Write-ins were received for several municipal seats in Moorcroft and Pine Haven for which fewer candidates ran during the primary than can appear on the general election ballot.

These potential candidates have been notified of their eligibility and will need to accept the nomination in order to appear on the ballot during the general election.

“The write-ins have the opportunity, if they want, to go to city hall and pay the fee and be on the ballot,” says Jones. “They get five days from the date that they receive the certified letter.”

However, while there would also have been room on the ballot for Sundance council to include one write-in candidate, no eligible names emerged from the primary.

“In order for a write-in to have eligibility, they have to receive at least three votes at the primary, and we didn’t have any write-ins that received at least three,” she says.
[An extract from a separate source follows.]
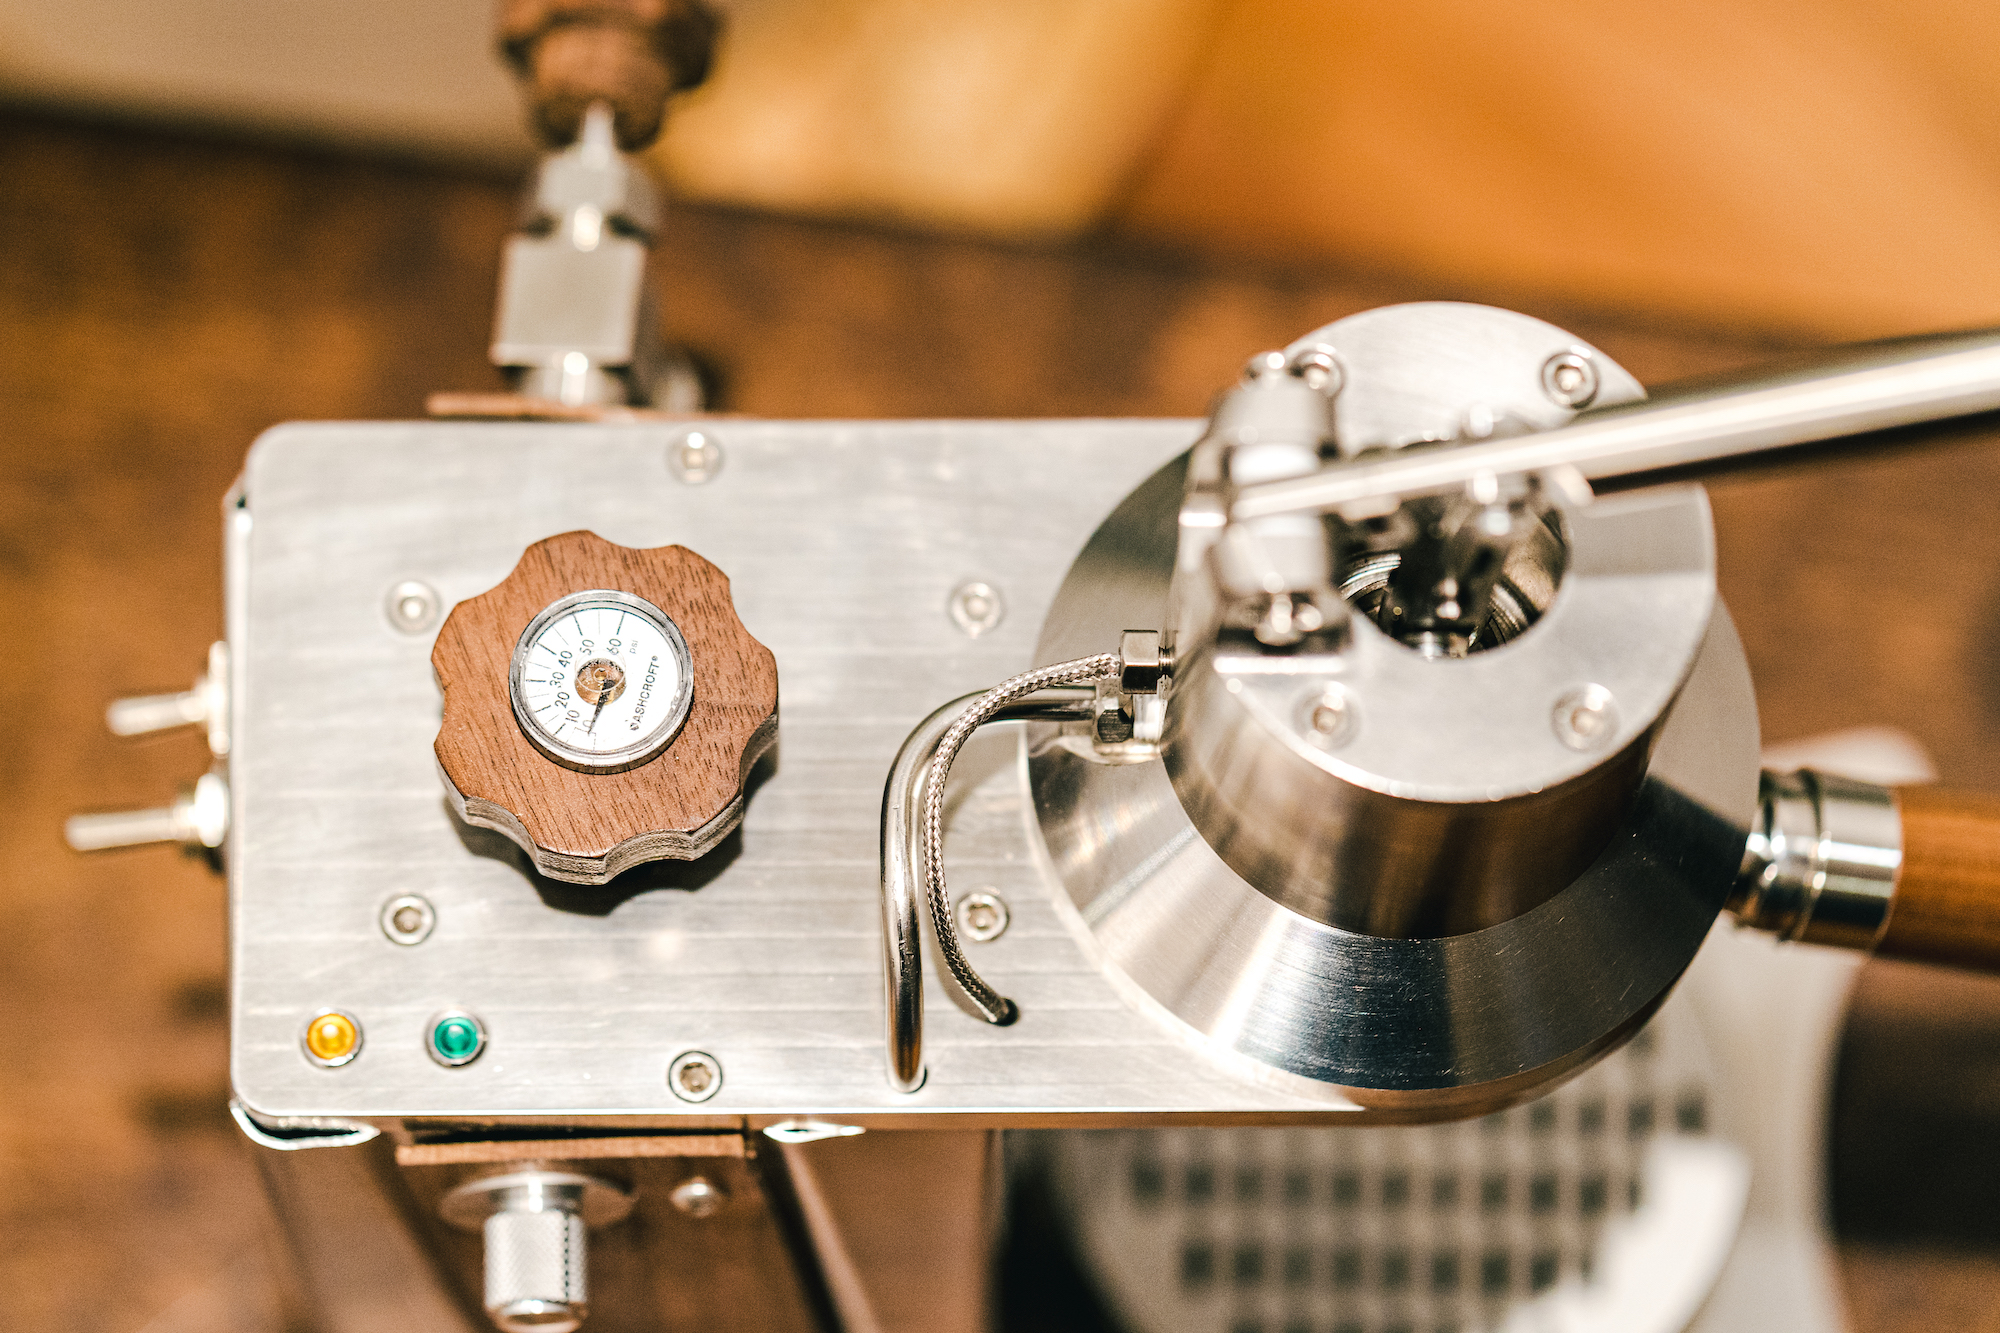 Odyssey Espresso Begins its Journey with the Argos Manual Lever

“There were only four write-ins and there wasn’t one person who got three votes. Sundance’s ballot won’t change.”

The number of write-ins a candidate needs are different at each level; for state, federal and county, for example, 25 write-in votes are needed. For, precinct-people only one write-in vote is needed.

Several were received during the primary, and will be handed over to the local parties to appoint.

“I give the party chairs a list of the write-ins,” she says. “The party chairs then do that through their process.”

Moving on to the general election, voters will have the opportunity to consider who they would like to serve on the various boards and special districts around the county, including medical services and school. Those interested in running for a seat on one of these boards should be aware that the filing deadline is Monday, August 29 at 5 p.m.